Más que el tópico piadoso y seguramente cierto (el cortometraje es la escuela privada del cineasta), a mí me gusta pensar que esas películas breves, a menudo surgidas de una confabulación amistosa, son la poesía de la novela que es el cine industrial. No tanto avanzadilla de amateurs como brigada anarco que desafía -aunque sólo sea por su falta de recursos- la dictadura comercial que ha establecido que las películas duren una hora y 40 minutos y no cuatro horas y media o 38 minutos. ¿No iría usted a un cine a ver, en lugar de una comedieta americana regular, cuatro cortos de 25 minutos cada uno con su distinta presentación, nudo y desenlace? Yo sí, desde luego. Reivindiquemos los cambios de formato. ¡Abajo la tiranía de la duración estándar!
Mientras llega la revolución, el corto crece. Hay festivales entregados a él, con su público todos, programas específicos en los canales más navegables, y ahora, en una iniciativa ocurrente y valerosa, una colección mensual de vídeos con Los mejores cortos del cine español. Ideada por Juan Carlos Ollana y comercializada a través de Discoplay, la serie, que va por su tercer número, da no sólo placer, sino bastante que pensar. Títulos célebres y cargados de premios internacionales (Esposados, de Juan Carlos Fresnadillo; La madre, de Miguel Bardem; El columpio, de Fernández Armero) alternan con otros a los que usted llegó tarde ese día o no lo pusieron en su pueblo, y también con los clásicos (en la tercera entrega yo he podido ver, por vez primera, Mirindas asesinas, de Álex de la Iglesia y Pomporrutas imperiales, de Colomo).
¿Edad clásica ya en el cortometraje? Pues sí, señor. Sin salir de las últimas décadas de nuestro cine, hay pequeñas maravillas maestras, contando entre ellas alguna de las prácticas de fin de carrera que los directores formados en la antigua Escuela Oficial mostraban en unas sesiones abiertas al público (domingo de otoño por la mañana, cine Palacio de la Música) que recuerdo con nostalgia: películas cortas de Borau, Olea, Guerín Hill, Drove y otros, tan potentes o más que los largos con los que todos ellos iniciaron el Nuevo Cine Español. La potencia del corto... Y es que algunas veces el cortometrajista valiente se adocena cuando alarga y engorda su material, perdiendo el verso libre del corto: blanco y negro, voz en off imaginativa, situaciones límite, lenguaje osado...

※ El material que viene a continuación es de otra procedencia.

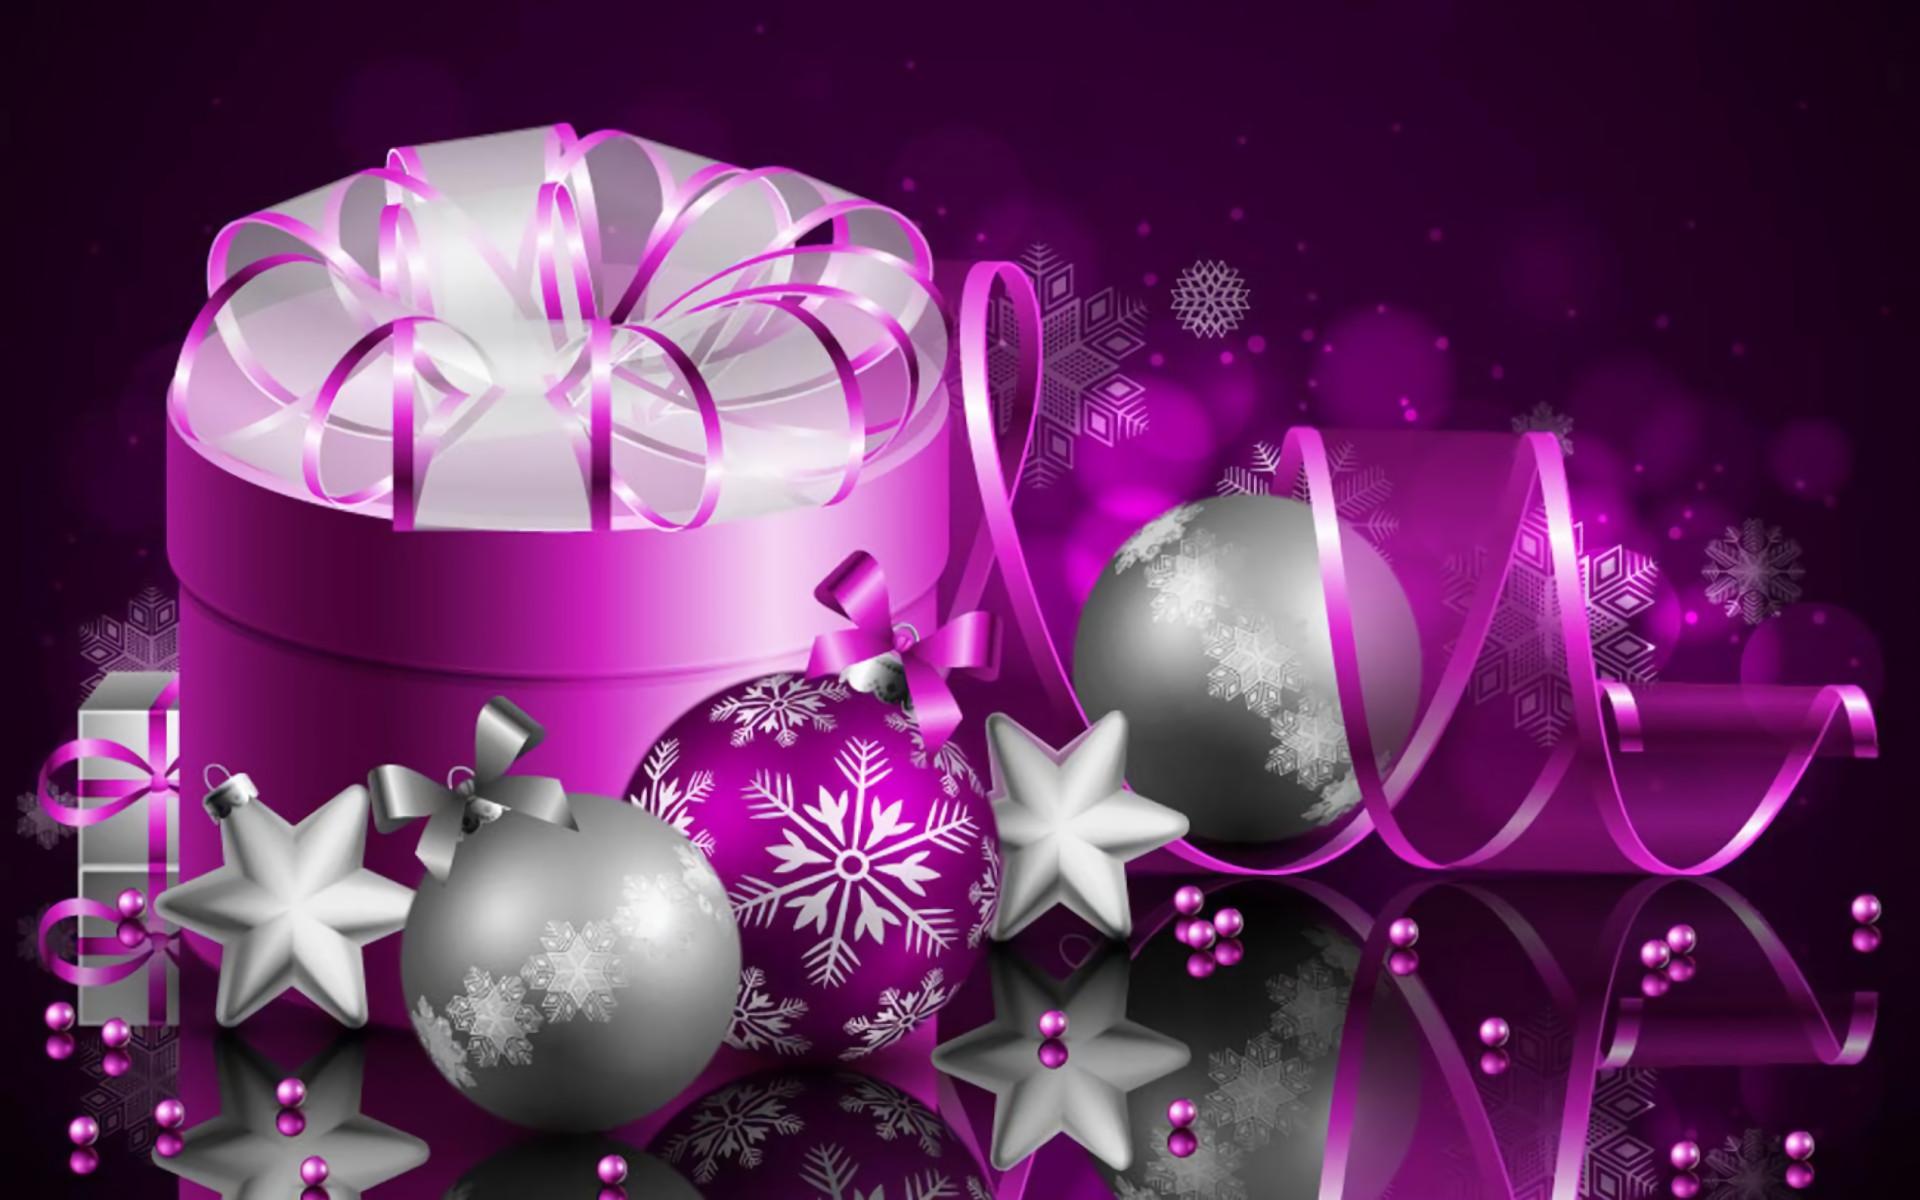 Holiday – Christmas Holiday Purple Silver Gift Christmas Ornaments Ribbon  Wallpaper

Como soy del tiempo en que se llevaban los cortos (tampoco vistiendo me acostumbré a los bombachos), me gustaría que en todos los cines, y no sólo en las exquisitas salas que ya los proyectan regularmente, antes de sumergirse en la novela río del gran largo, un soneto rimado o una redondilla graciosa nos abriera el ojo. Aunque haya que pegar el culo del tardón a la butaca.